Talking Tennis With Marty

If you’re looking to talk tennis with Marty, a simple conversation on how to teach it, how to play it, and even his principles of life as they pertain to the game gets him fired up and anxious to share his views. You always come away learning something and marveling at his knowledge and insights. I did just that in a recent sit-down with the master.

Marty loves teaching and, at 88, what gives him the most joy these days (besides playing golf) is his teaching sessions with the many women who keep coming back for his popular drills. He calls them “my ladies” and he calls his court “a working laboratory.” The “ladies” have equally high praise for their teacher and for how much they’ve learned from him. And he likes to tell anyone who will listen how proud he is of his ladies and how great they are.

“People say that baseball is one of the most skilled sports, but tennis is more than that. It is the ultimate sport for needing [to develop] difficult skills.” Marty notes that racquetball and pickleball do not require those same skills and so are not as hard to play. 

He calls today’s professional tennis game “power-charged.” Everyone hits the ball so hard from the baseline, so you see mostly power-to-power baseline rallies. Volleying skills are not there yet but are catching up, according to Marty. Strings have also changed the game in that the strings used today allow the pros to use more of the court with acute angles and spins.

“The pro game doesn’t have the variety that I teach,” he said. “They [the pros] all can do it [use a variety of shots], but they don’t implement it because of power. Power has hurt the game.”

Marty says that whether you’re teaching pros or recreational players, what matters is shot selection, consistency, and mental toughness/focus. Variety of shots gives you more options for making decisions. As for consistency and mental toughness/focus, “You surrender to habits and then they are on autopilot.

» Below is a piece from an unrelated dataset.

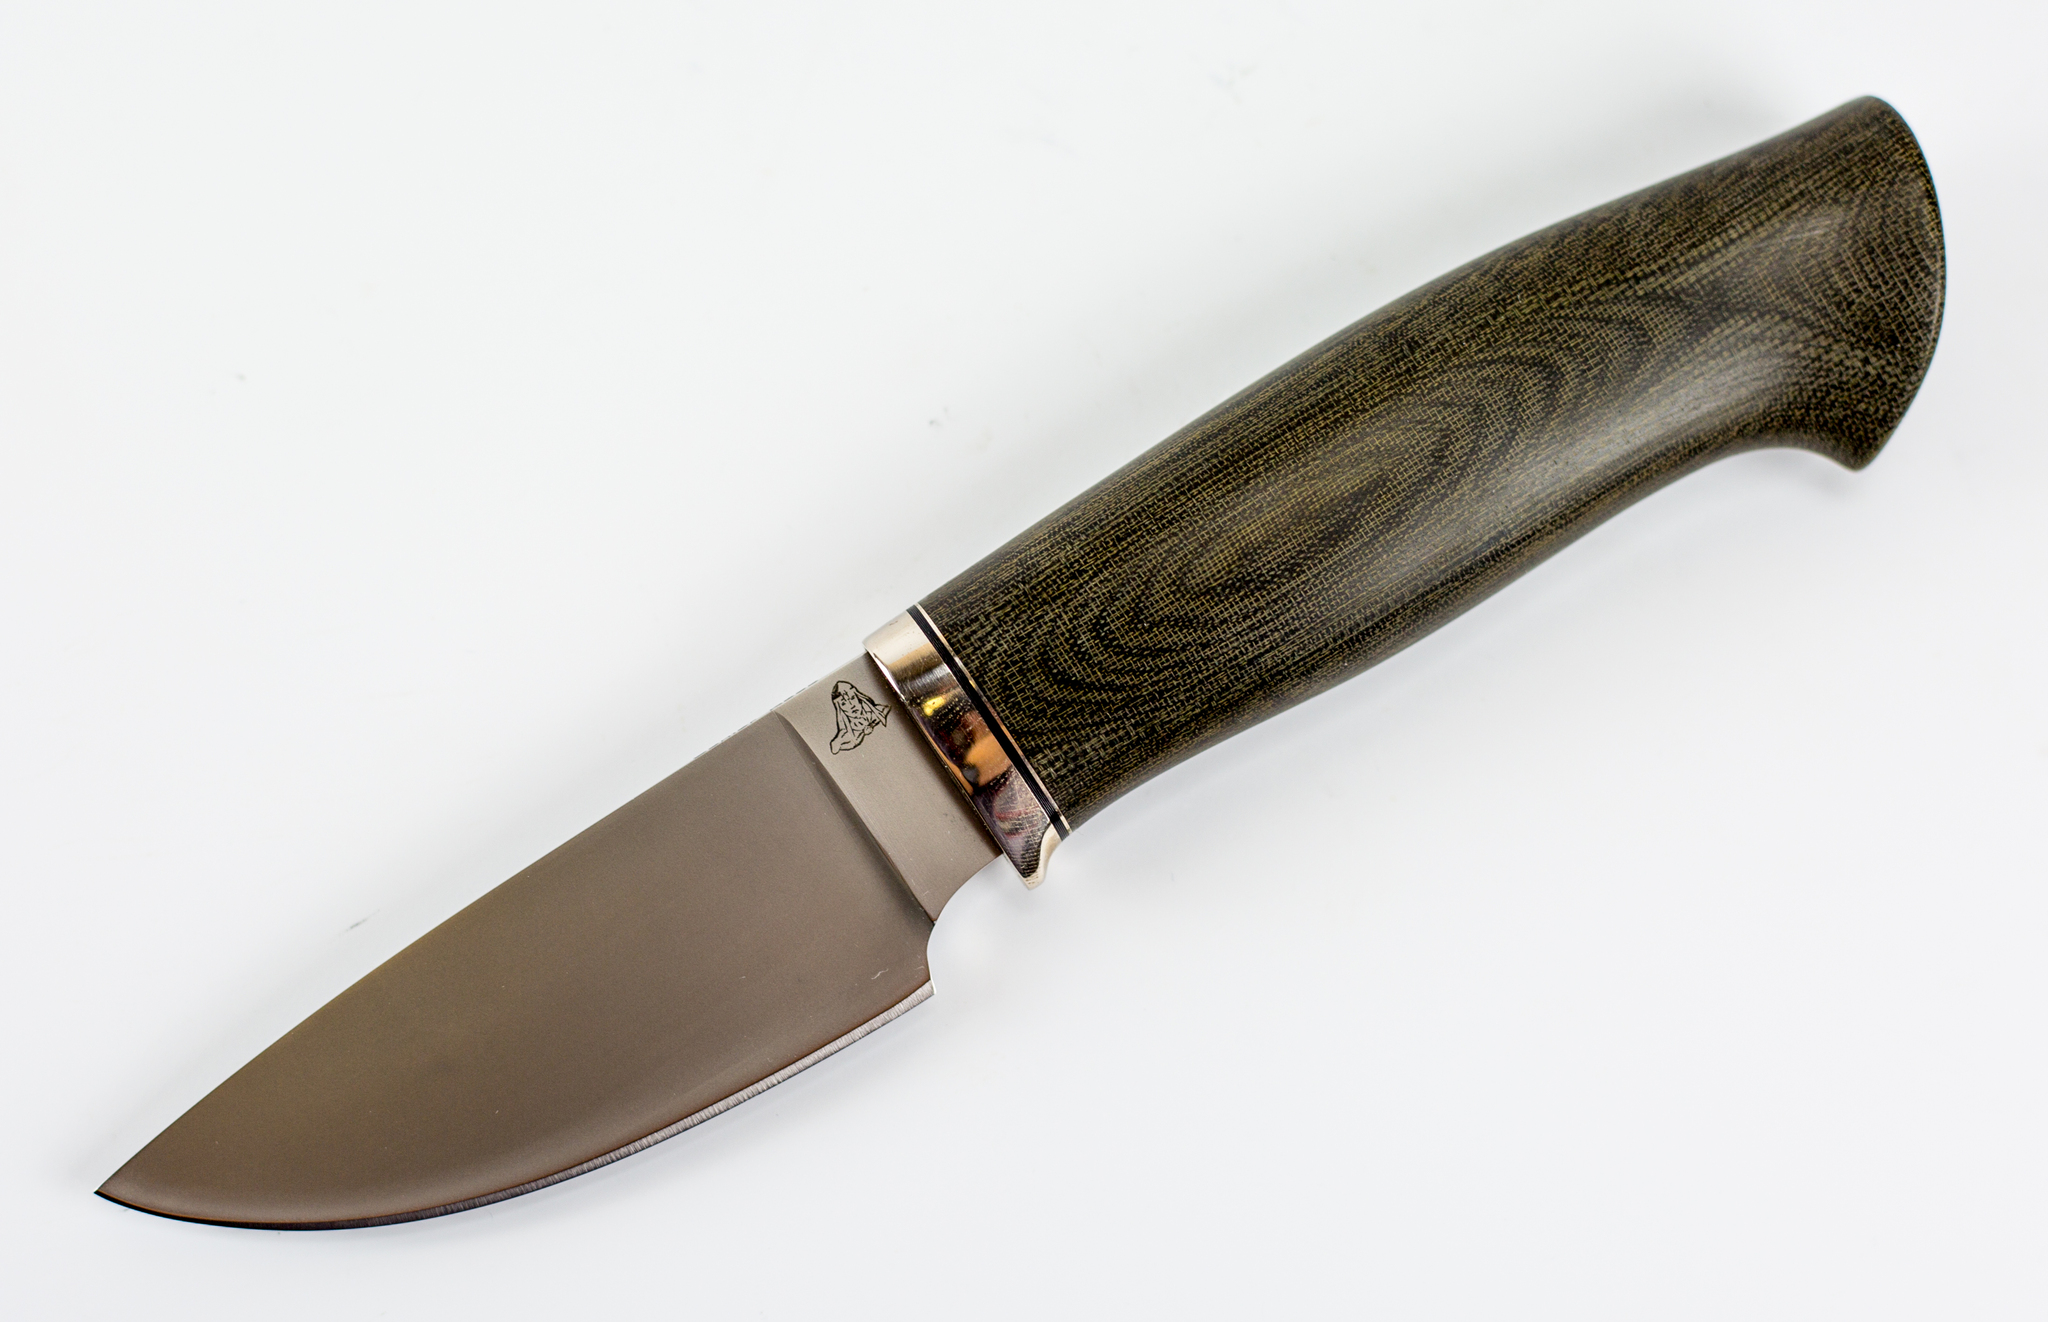 Нож Вороненок, К390, микарта, мельхиорНожи Ворсма<br>Нож Кроха<br>

Which brings us back to Marty and his ladies. With his guidance, they have added numerous shots to their repertoire. There’s the unique Nadal forehand, three kinds of spin, drive, slice, and whatever else they may discover during the drills or learn from each other. Marty encourages them, makes the drills fun, and makes sure they practice “First Strike” tennis, an important component of Marty’s teachings. This can be accomplished with any number of things—power, depth, spin, “ugliness” of shot, angle, touch. Whoever goes for one of those aggressive shots first gets control, and often wins the point. Marty believes you can’t manage what you don’t understand so he gives them the hows and whys so they can figure out when to hit each shot. Marty was a grinder in his day, but he is teaching them to be shotmakers.

“I’m a better teacher than I’ve ever been a player,” said Marty. That’s saying something from a guy who has an impressive tennis resume of gold balls and high national and international senior rankings. And, he adds, “I’m better at understanding life than most people.”

Ann LoPrinzi 08/23/21

One Comment

  1. Ben Lee

    Beautiful Anne and extremely accurate! Marty has become the biggest inspiration to me in the last 5 years and I am thankful and blessed for that! He is truely a gift to all who have had the pleasure and honor of having him in their lives! Love ya ‘Big Buddy’!